**What the task asks:**
Once you find the line below that has "Hi y’all! It’s Big_Reader here! ✨", output it and every line after it exactly, stopping after the line that has "Hope y’all like", with no pictures.

**Given data:**
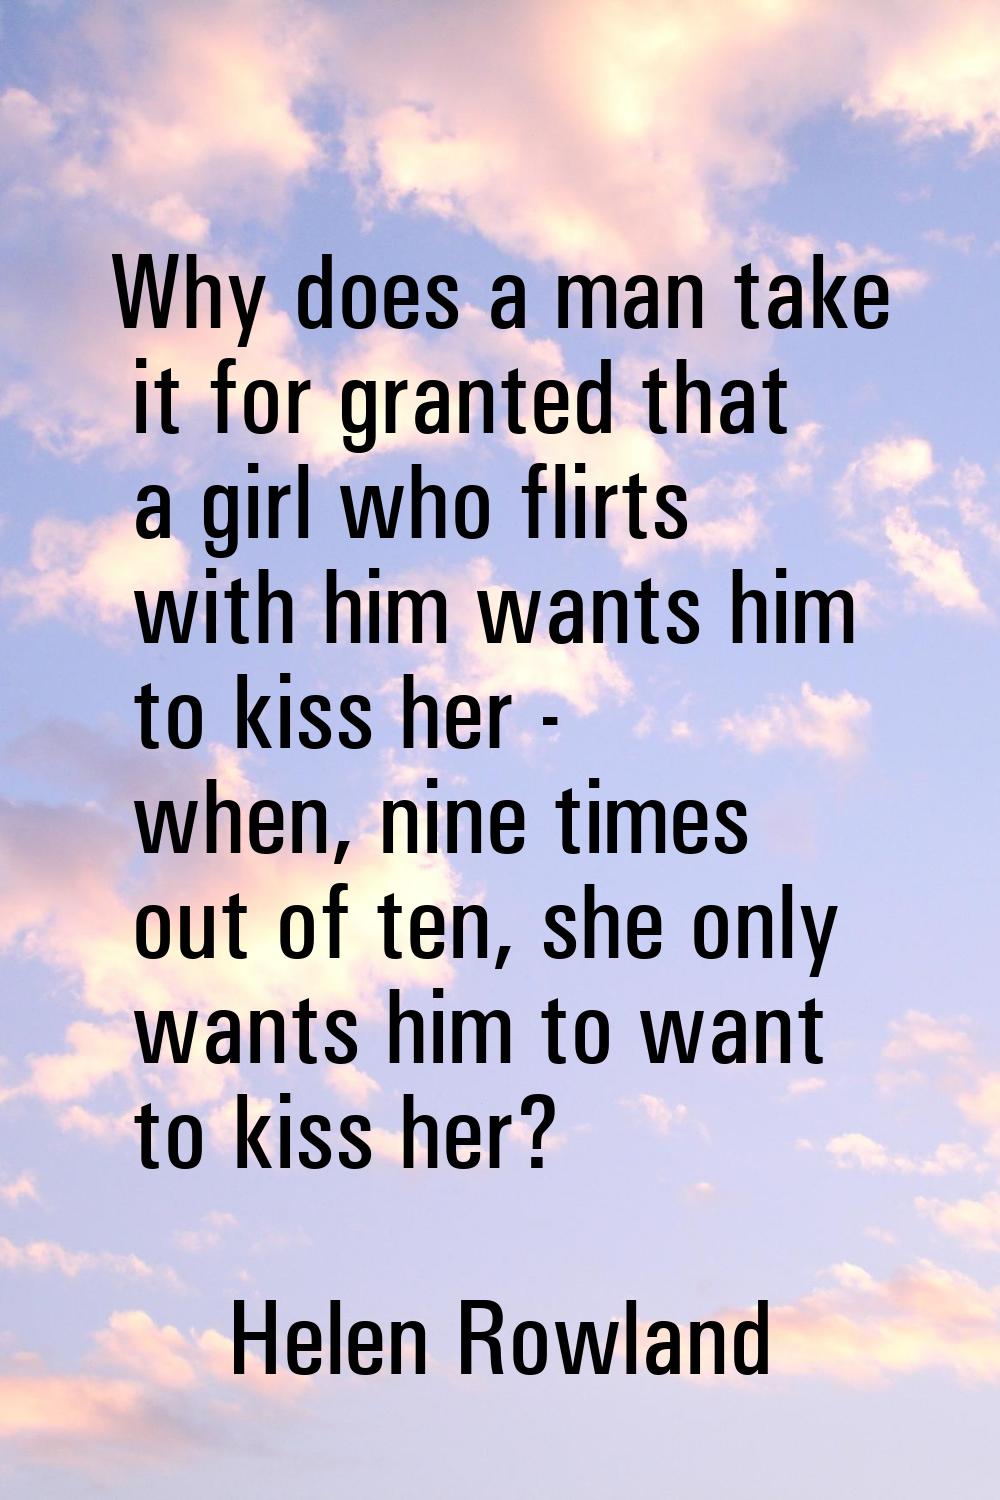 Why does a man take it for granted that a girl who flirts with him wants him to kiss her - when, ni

==

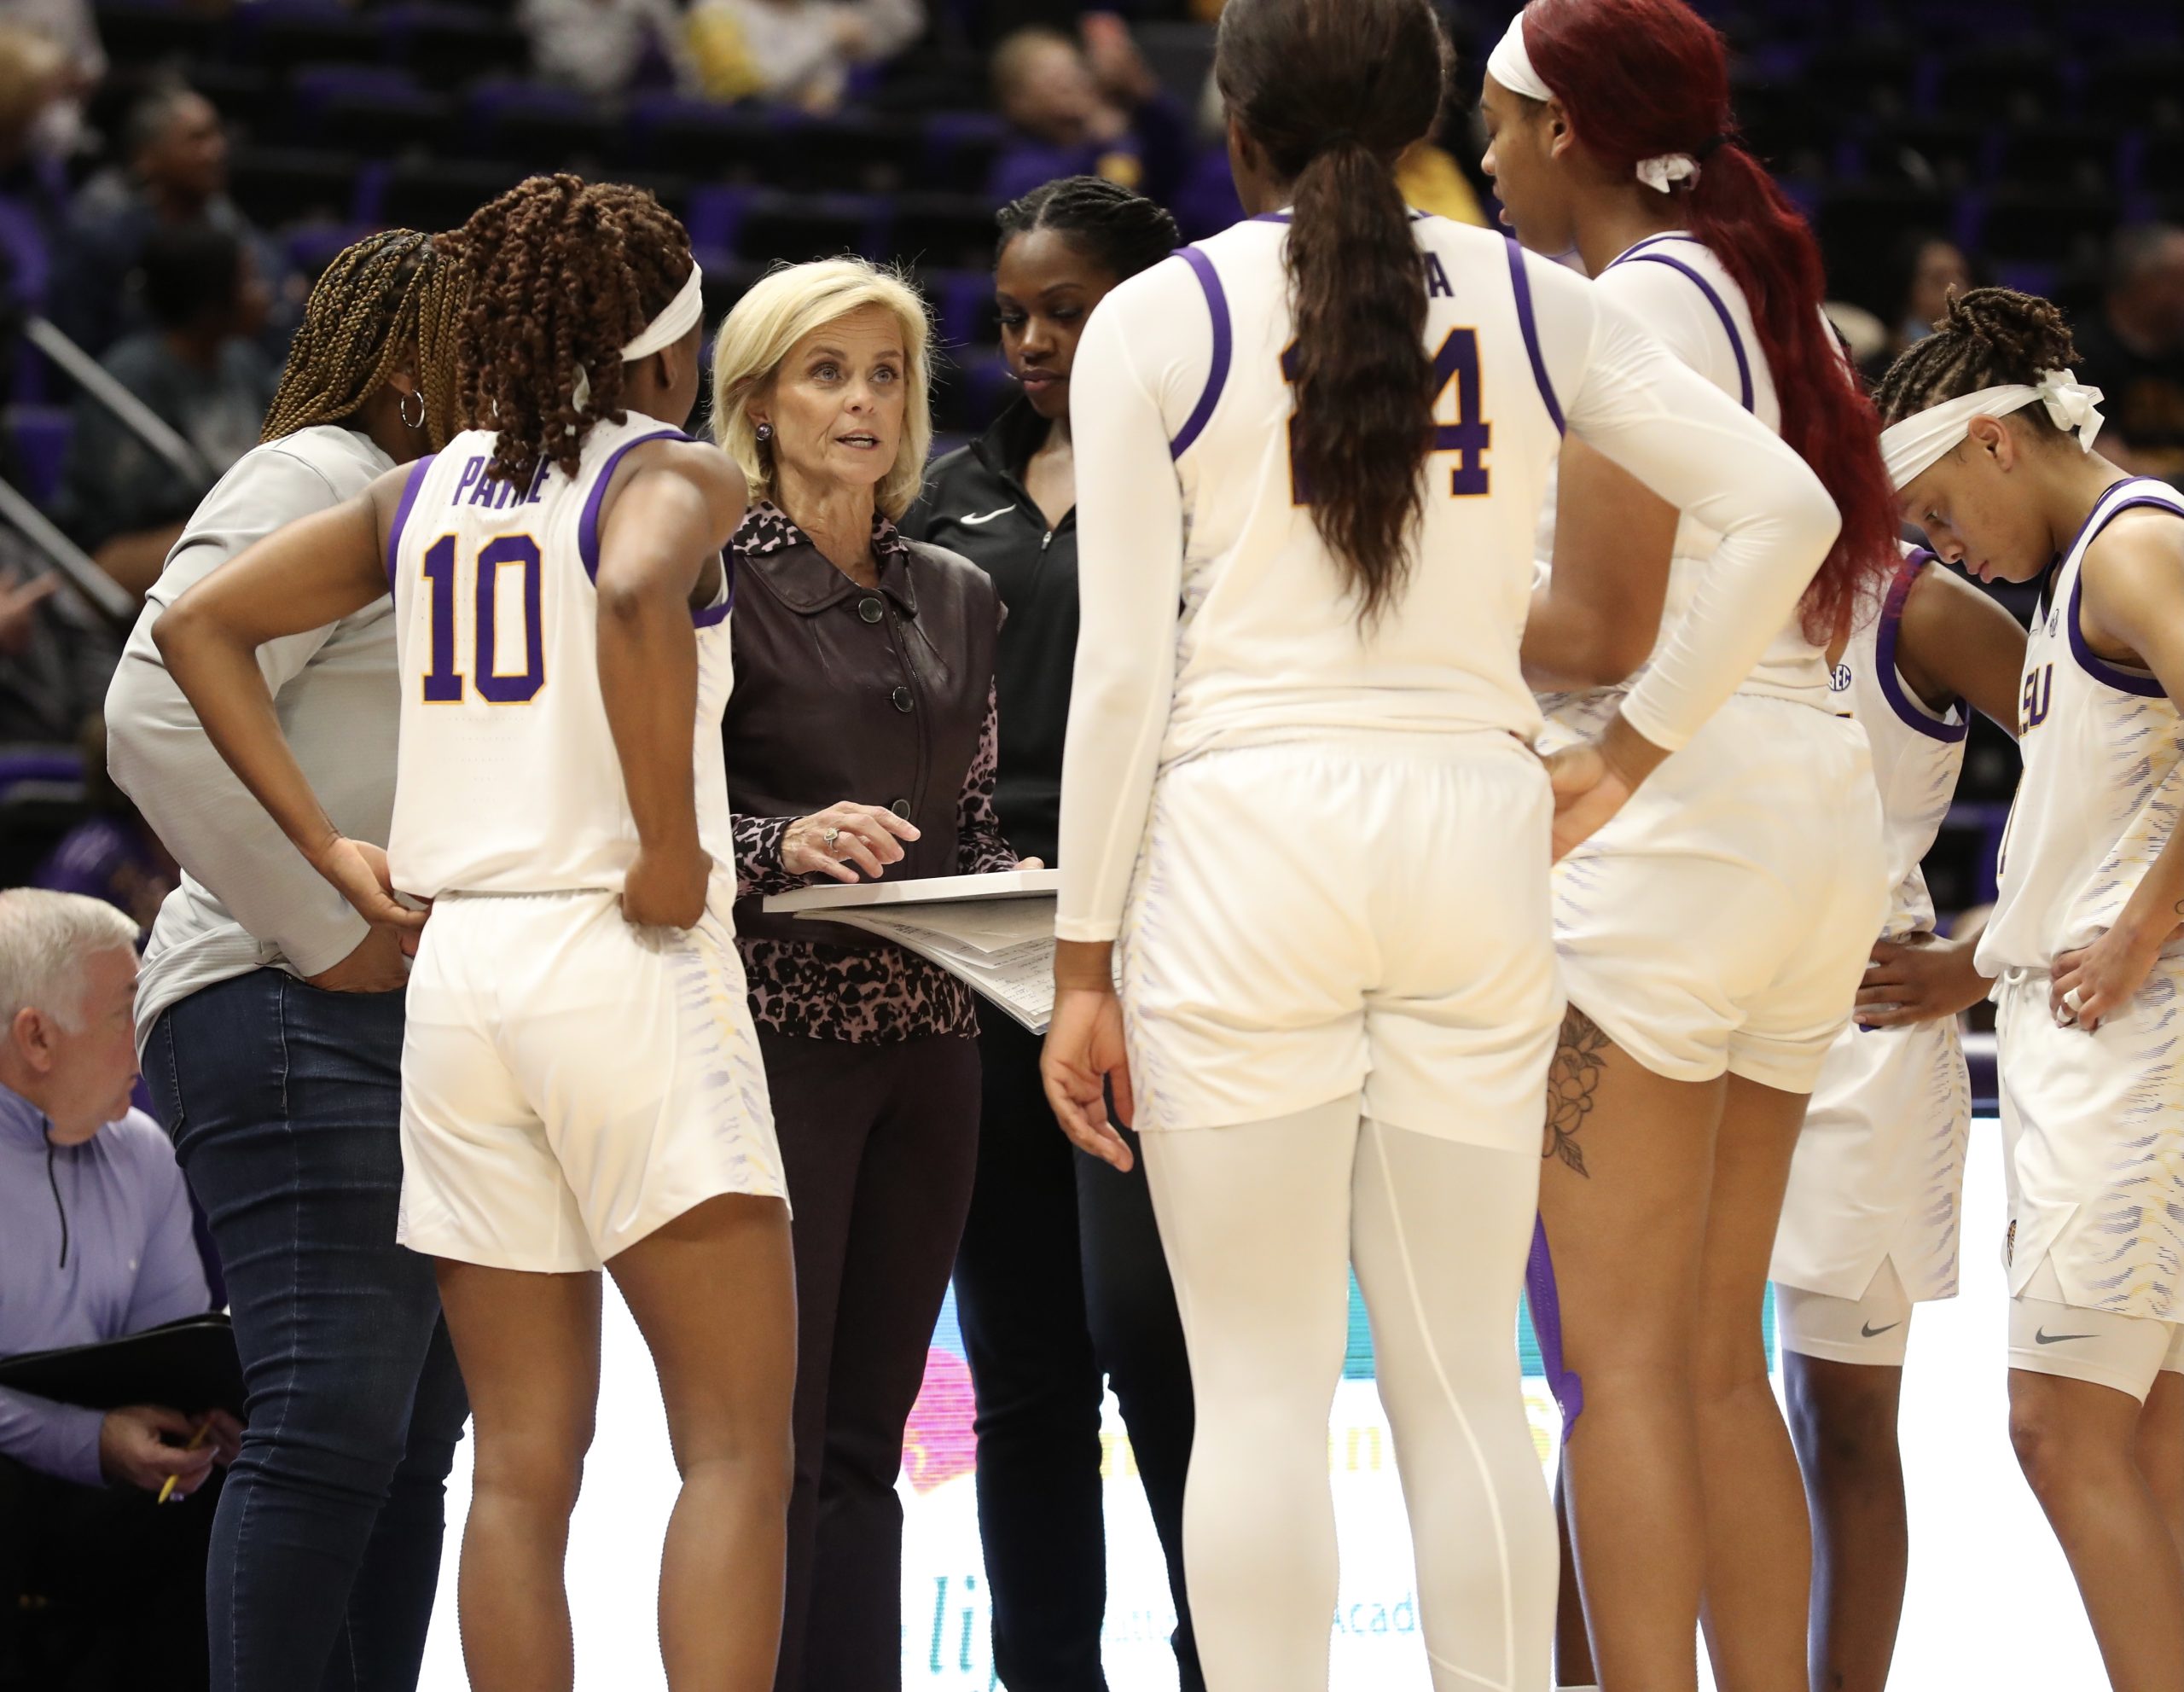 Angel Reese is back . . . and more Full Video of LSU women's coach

==

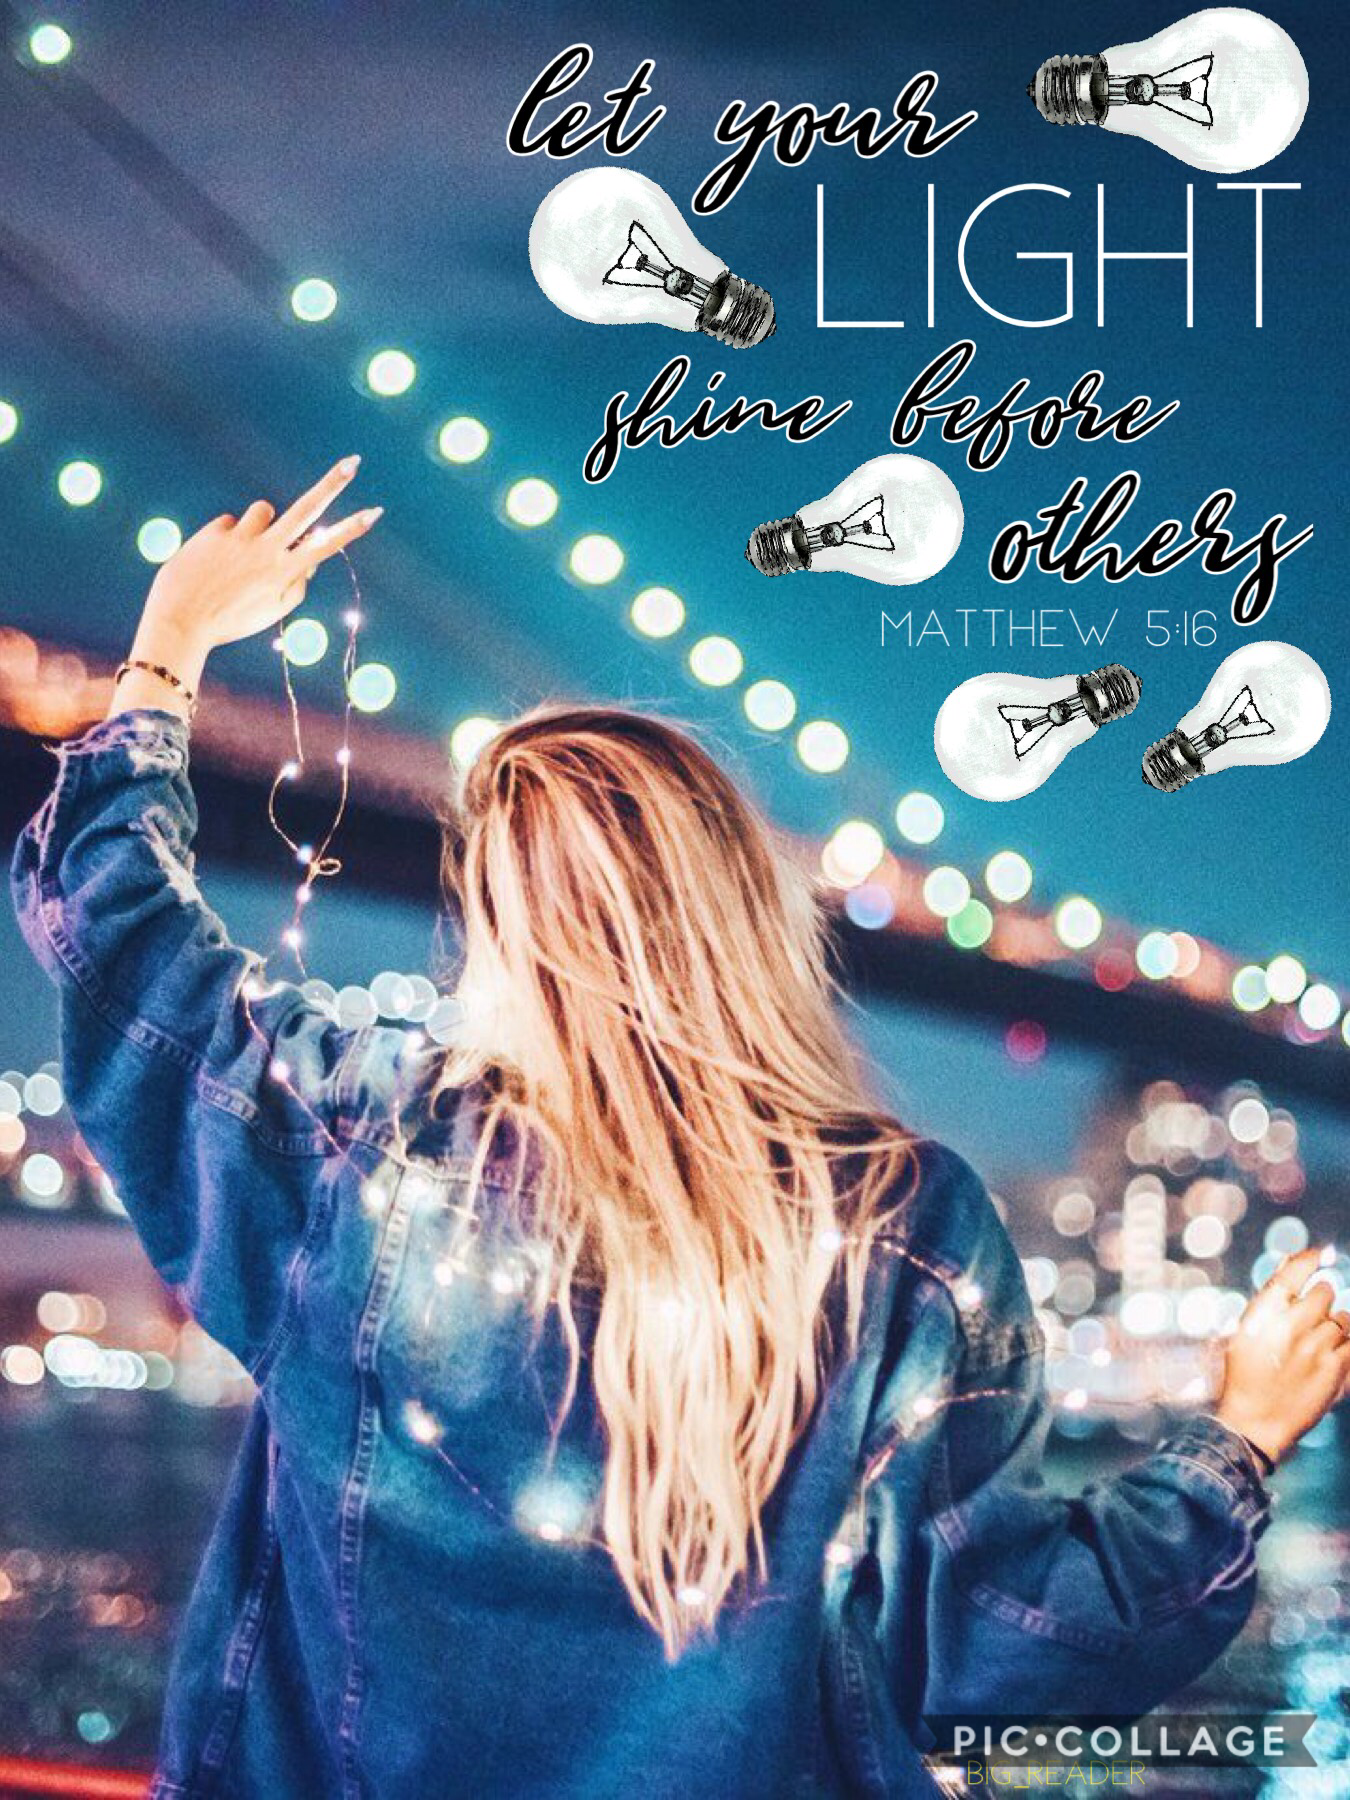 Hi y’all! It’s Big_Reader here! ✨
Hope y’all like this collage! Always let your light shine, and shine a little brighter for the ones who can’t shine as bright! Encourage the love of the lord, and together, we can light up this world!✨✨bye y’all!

**Written answer:**
 Hi y’all! It’s Big_Reader here! ✨
Hope y’all like this collage! Always let your light shine, and shine a little brighter for the ones who can’t shine as bright! Encourage the love of the lord, and together, we can light up this world!✨✨bye y’all!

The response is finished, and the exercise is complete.